What you have to do >> Produce an exact transcription of the data, with the images left out.

Given material >>
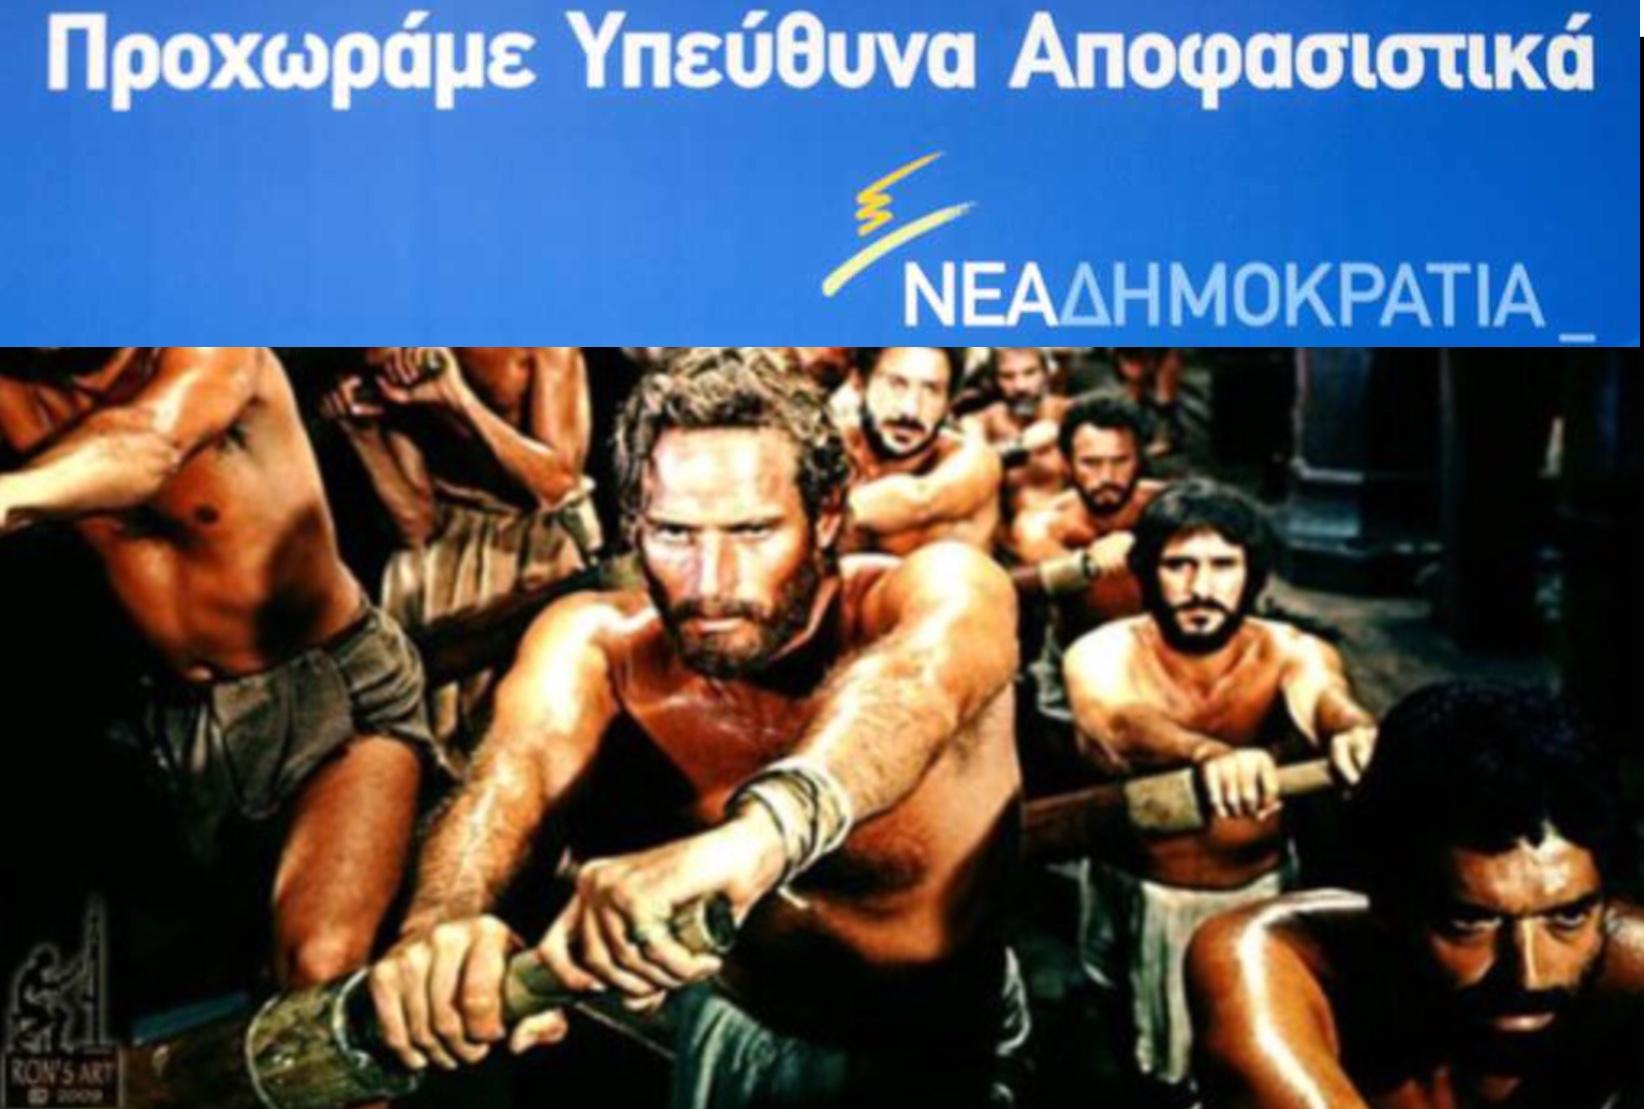 Μαξίμου: Μούτσος στα αμπάρια του ναρκοπλοιου Noor1 ο Μητσοτάκης!
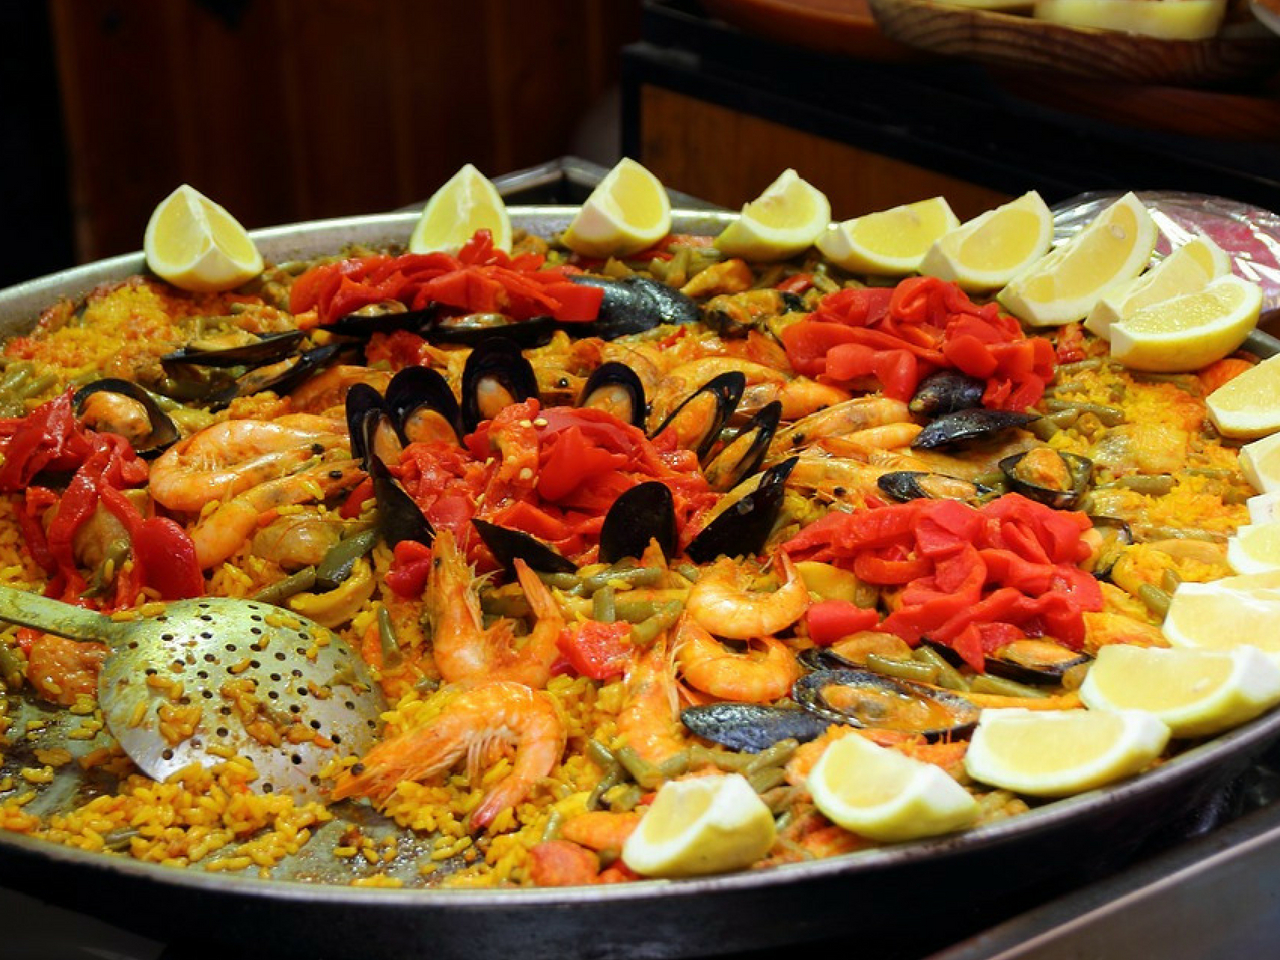 Gastronom a de espa a platos t picos de la cocina espa ola - La cocina madrid ...
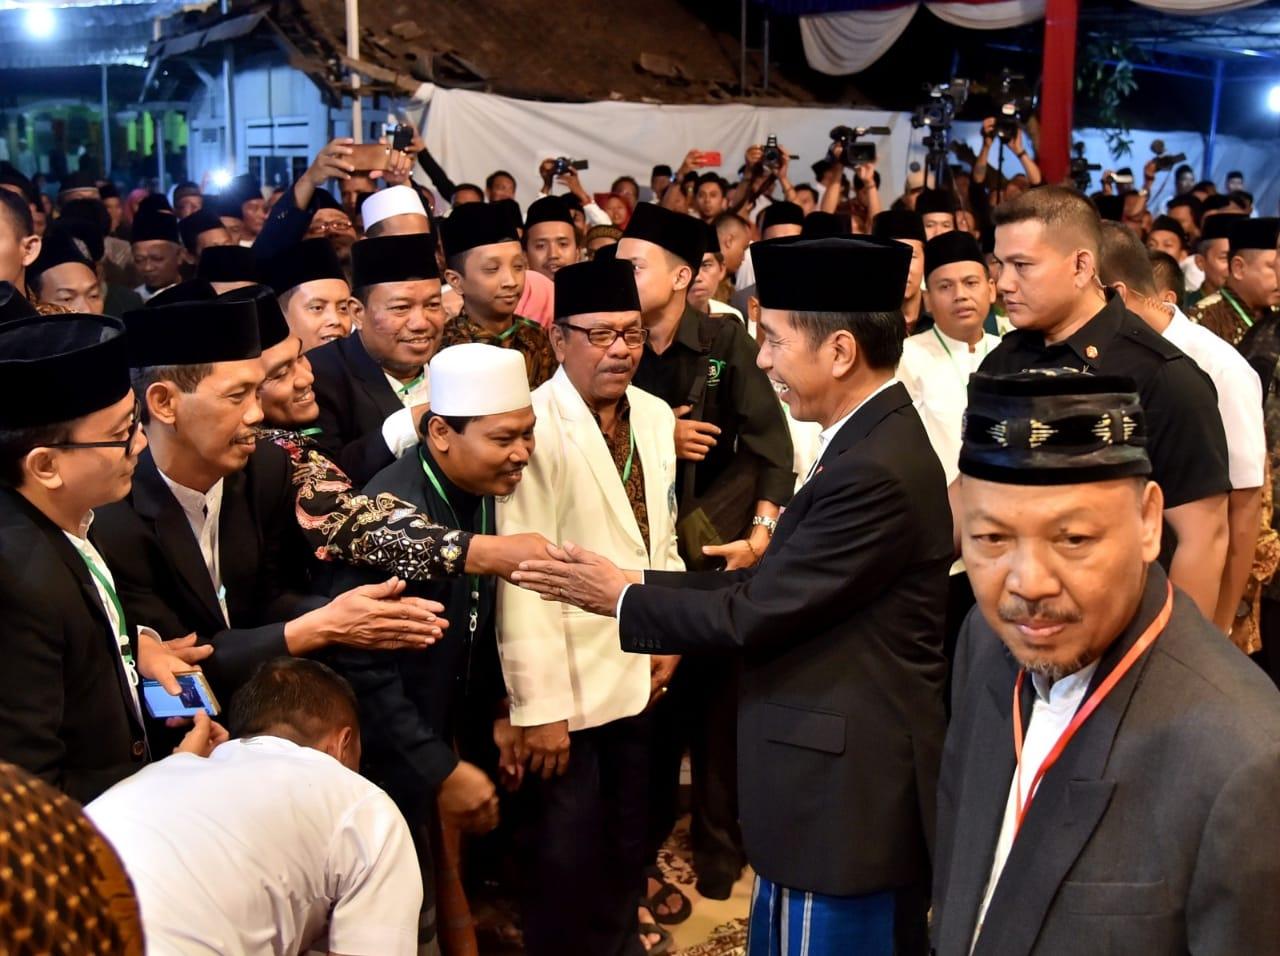 Presiden Joko Widodo menghadiri acara Haflah Khataman Alquran dan Haul Al-Maghfurlah K.H. Ahmad Jisam Abdul Manan di Pondok Pesantren An-Najah Gondang, Gondangtani, Kecamatan Gondang, Kabupaten Sragen, Sabtu malam, (14/7) 2018.

Exercise output >>
 Μαξίμου: Μούτσος στα αμπάρια του ναρκοπλοιου Noor1 ο Μητσοτάκης!
 Gastronom a de espa a platos t picos de la cocina espa ola - La cocina madrid ...
 Presiden Joko Widodo menghadiri acara Haflah Khataman Alquran dan Haul Al-Maghfurlah K.H. Ahmad Jisam Abdul Manan di Pondok Pesantren An-Najah Gondang, Gondangtani, Kecamatan Gondang, Kabupaten Sragen, Sabtu malam, (14/7) 2018.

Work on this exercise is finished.